When Grindall was first discovered, he looked as fresh as a new-blown
damask rose; and though you could see nothing but his face, joy
seemed to illumine his countenance, and so far contracted his muscles
as to disclose a fine set of teeth, which shone through his many cloaks
like so many orient pearls at the bottom of a dungeon.
The spring now began gradually to exchange her heavy white robe
for a silken green; and those who knew more than their neighbors said,
the only doctor who could cure Grindall was the great restorer of the
vegetable world. Indeed, Grindall himself now looked to the sun as his
only remedy. But, to the surprise of all and the despair of poor Grindall, the sun made no more impression on him than did the great yellow
dog who had been hung for sheep-stealing on the tree before his door.

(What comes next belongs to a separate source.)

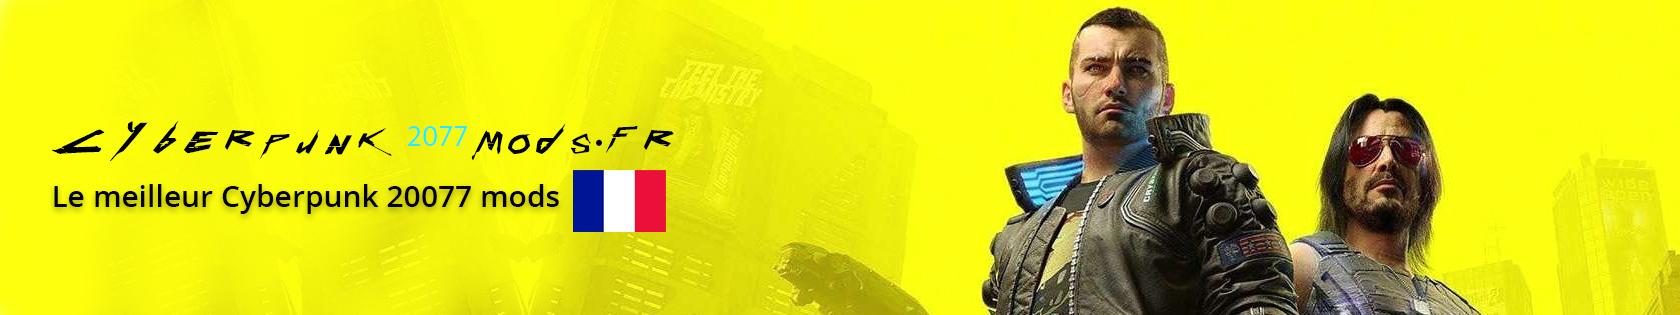 Cyberpunk 2077 mods | CP 2077 Mods
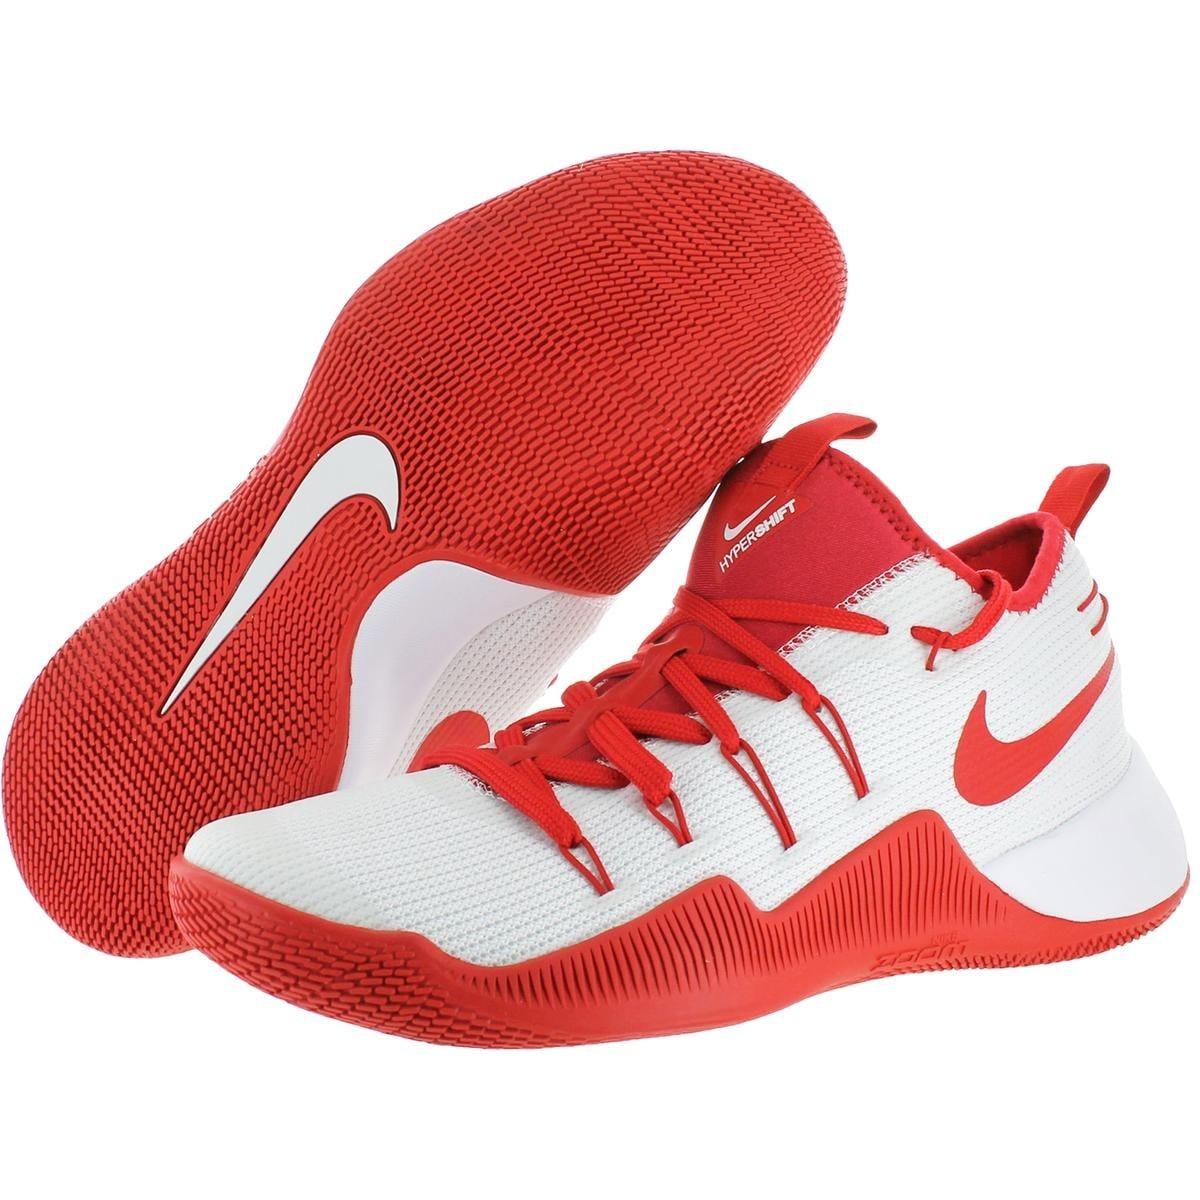 c74f5da9a1e0 ... buy shop nike mens hypershift tb promo basketball shoes mid top nike  zoom ships to canada

At midday, in the month of July, you might have seen Grindall sitting
in his more than two hundred cloaks, on his door-stone, courting the
notice of the sun, who regarded him with the same sensibility that
he does a snow-drift in winter on Mount Bellingham. This circumstance
of course gave currency to many strange stories; one, for instance,
that the coldness of Grindall's head was such that a gallon of
warm water, poured on his head in July, ran down to his shoulders in
icicles. This, and a thousand such idle rumors, gave a miraculous
coloring to the real facts. Especially as hundreds of people from the
frontiers, even from Canada, both whites and Indians, attracted by curiosity,
came to see a man clad in ten score of cloaks in July.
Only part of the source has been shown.